もちろん、新たな技術には正と負の二面性があり、対面交流でしか得られないコミュニケーションがあることも無視できません。その点ではアンビバレンスを感じます。しかし、感染症を乗り越えた後も、おそらくすべてが元通りになることはないでしょう。感染症下の適応として生じたデジタル化の拡がりと加速は、社会に不可逆な変化をもたらしてきました。我々は、感染症危機下での発見と学習を活かして、新たな社会と経済、すなわち「ニューノーマル」を追求し形作っていく必要があります。

5.結び

この15年ほどの間に、我々は、世界金融危機と感染症危機という2つのグローバルな危機を経験してきました。両危機への対応を通じて、中央銀行、国際機関、学界の連携はより深まり、政策の理論と実践も発展してきました。今回の危機では、疫学と経済学を跨ぐ学際的な知見の導入やデジタル技術を背景としたモビリティ・データの利用等によって、タイムリーに政策的示唆を導くなど、経済学を含む学界が大いに活躍しました。

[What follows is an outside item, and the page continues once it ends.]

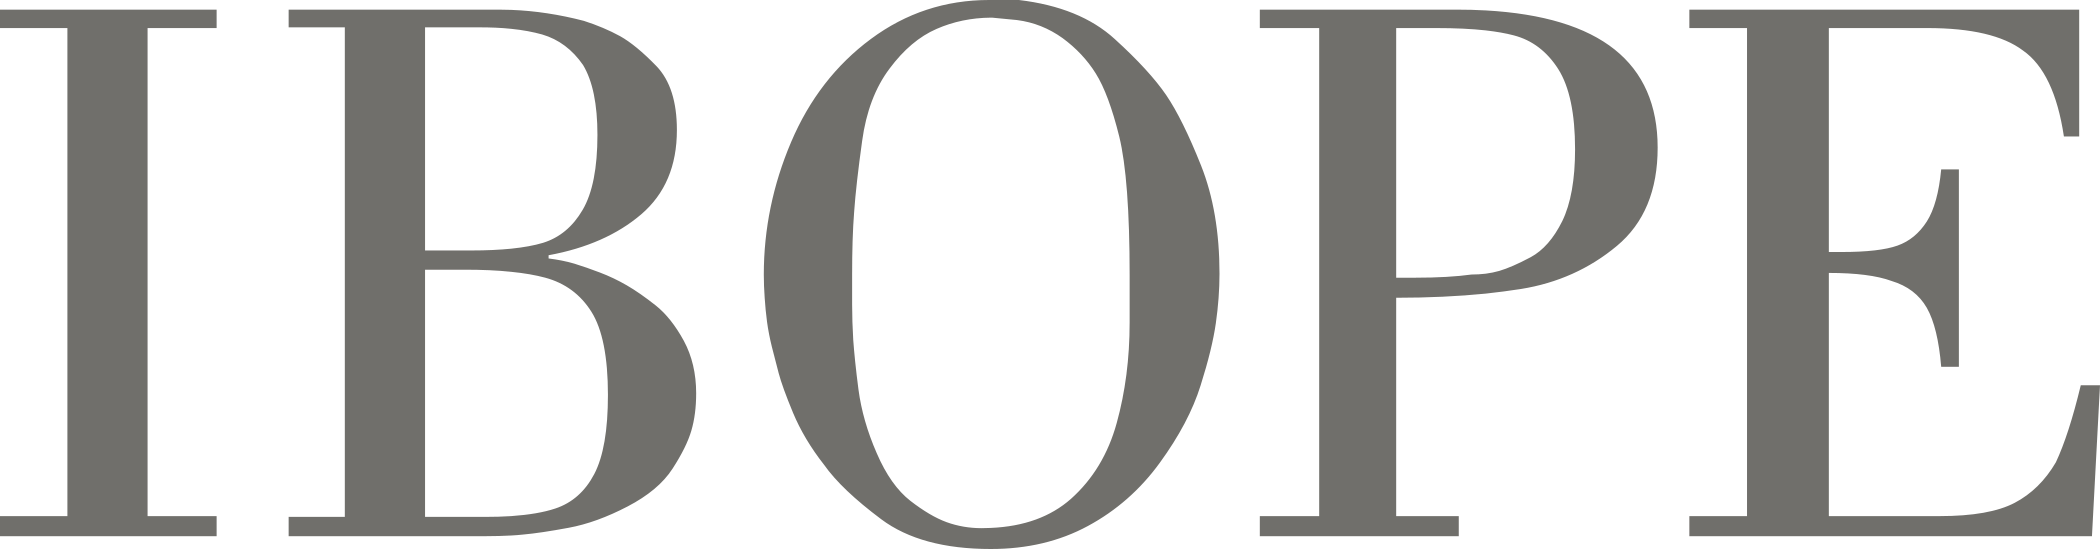 IBOPE logo.

感染症の収束に光はみえていますが、その先にある社会や経済の姿はまだ霧に包まれています。したがって、本コンファランスが掲げる「COVID-19後の展望と政策課題」というテーマも、いつになく広範な論点に及びます。もちろん、直面する不確実性の大きさを踏まえれば、それらの論点の相対的な重要性や、各論点に関するあるべき方向性について、各々の見解が異なるのは、ごく自然なことです。今大事なのは、意見を収束させることよりも、中央銀行、国際機関、学界が各々知恵を出し合って、様々な見解を提示していくことでしょう。本日と明日、数時間という限られた時間ではありますが、各機関および学界を代表する皆さまにご参加頂き、議論できることをとても心強く思います。このコンファランスを通じて、感染症後の経済や政策に関する多くの知見が示されることを期待します。

ご清聴ありがとうございました。